“A new way of learning about history and science”


At least, that’s how Andy Schlafly characterizes Conservapedia in a New Scientist article. I called it “shallow and useless or downright wrong,” if you’re interested in an alternative position on it.

Josh Rosenau wasn’t any more charitable.

They are re-defining their own truth and seem to think facts are malleable.

Strictly speaking, I guess Schlafly was correct: if you’re redefining facts and making up nonsense as you go along, you certainly are presenting a new way of learning.

Comments

  1. says

    The level of vandalism and obscenity was shocking.”

    OK, I can understand if he wants to keep obscenity out of it, but I fail to see how having actual scientists editing topics about science is tantamount to vandalism. I think he meant to say “the level of reality was shocking.”

  2. Jud says

    I haven’t encountered anything on Wikipedia as shocking as the entire Conservapedia entry on the Holocaust:

    “The Holocaust was the massacring of the Jewish race during World War II. The Germans are not to blame for this but the Nazi are. Besides 6 million Jews dying, 3 million Christians were killed also along with many priests and nuns. This is a very touchy subject for the Jews and is not often discussed amongst them.”

  3. abeja says

    “This is a very touchy subject for the Jews and is not often discussed amongst them.”

    Since I’m Jewish, I think I’m quite qualified to say that statement is BULL.

    I’m sure that Conservapedia is full of anti-semitic freaks. How disgusting.

  4. David Wilford says

    Strictly speaking, I guess Schlafly was correct: if you’re redefining facts and making up nonsense as you go along, you certainly are presenting a new way of learning.

    It’s a “new way of learning” in the same way that a shit sandwich is still a sandwich, I suppose.

  5. Dustin says

    I’ve been getting the distinct impression that ASchlafy is a little more than just “conservative”. Particularly when it comes to Einstein. They hate Einstein, and I don’t know why, and try to give credit for relativity to other people (like Ponicare, never mind that his formulation isn’t consistent with the Michaelson-Morely experiment), and are generally hostile towards him. I can understand maybe pointing out where Einsteins contributions were, and where he got them from other people, but some of the things I saw were completely irrational.

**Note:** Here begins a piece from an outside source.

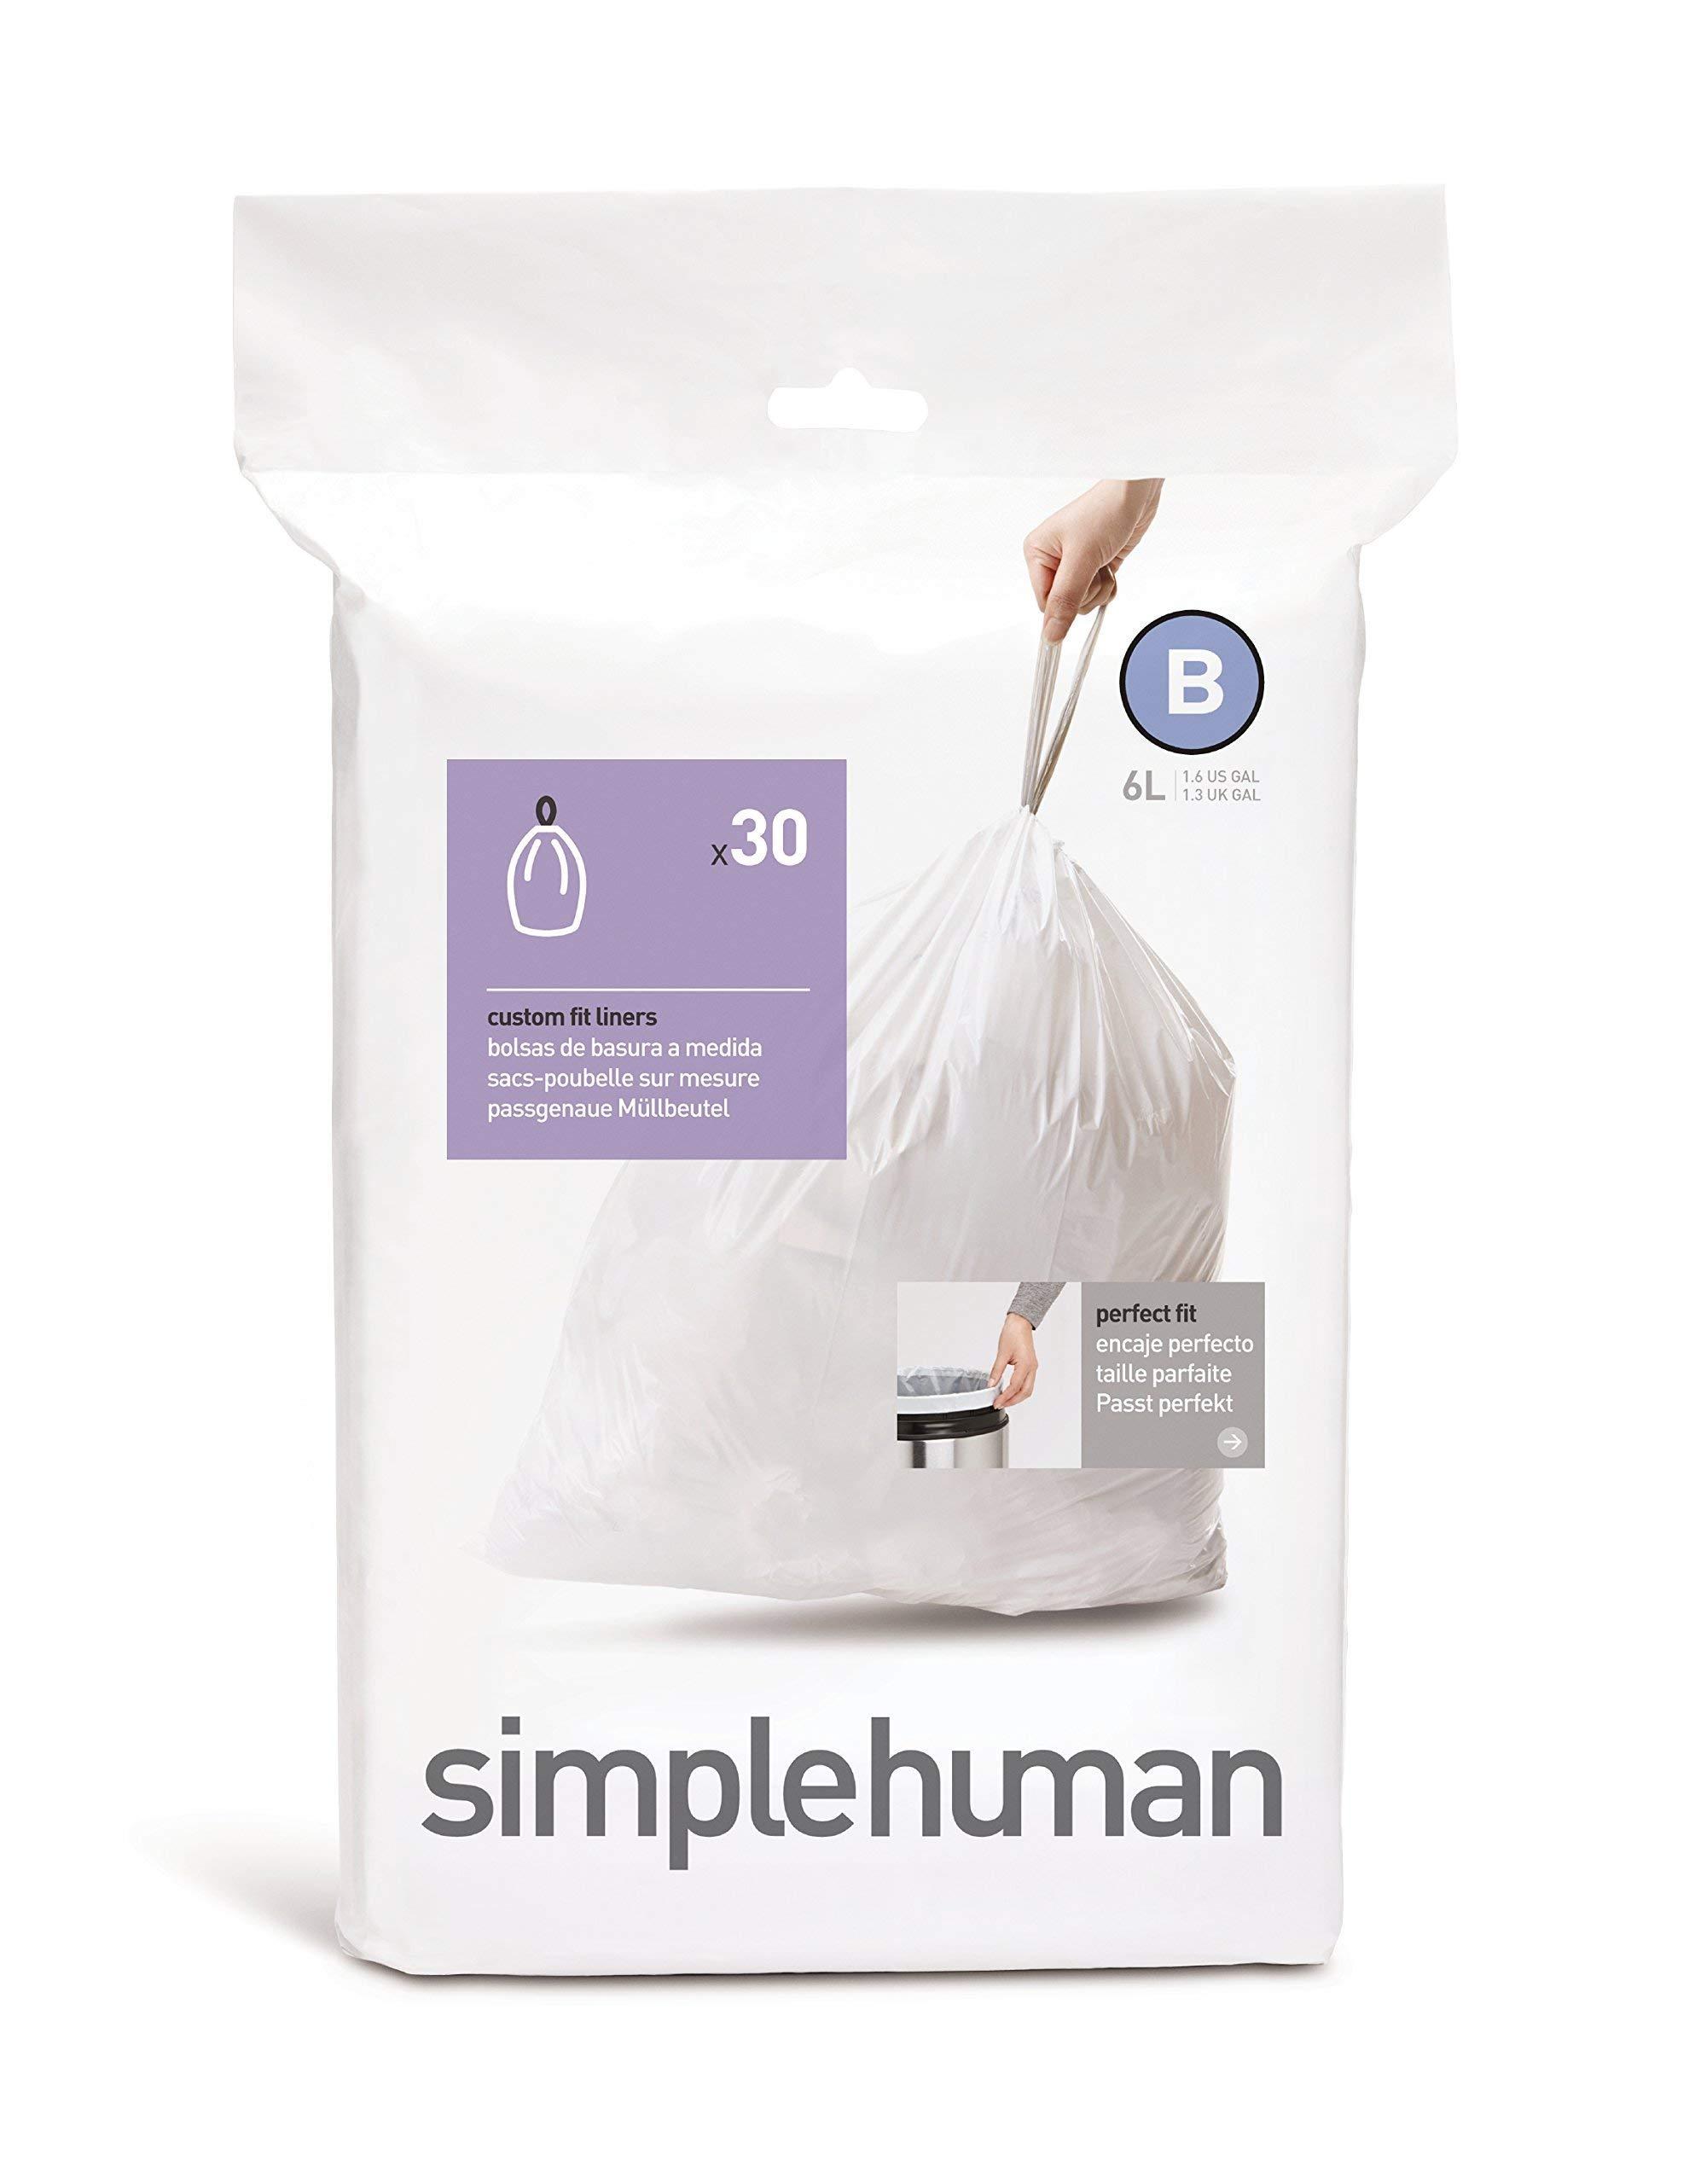 simplehuman CW0161 - Bolsa para Cubo de Basura product image

    And then I read that Holocaust entry and figured it out: Einstein was a Jew, and ASchlafy is probably a goose-stepping, propaganda spouting, Jew-hating Nazi asshole.

  6. 386sx says

    It’s a “new way of learning” in the same way that a [expletive deleted] sandwich is still a sandwich, I suppose.

    Yeah, but the real irony here is that all the parodies being added to the Conservapedia that are being unwittingly accepted by the Schlaflys as legitimate entries are merely adding to their uncritical “knowledge” base. A Schadenfreude sandwich that tastes like [expletive deleted].

  7. Dustin says

    Yeah, that’s why it took me so long to figure out that the Einstein stuff wasn’t a parody. Then ASchlafy reverted it to something from before the blitzkrieg, and I had my answer.

  8. Tom says

    Sure. According to many conservatives, birth control is a tool of the devil, so 58 kids sounds about right to me.

  9. Ichthyic says

    what in the hell is going on with new scientist that they felt a compelling need to give conservapedia even the briefest of mentions?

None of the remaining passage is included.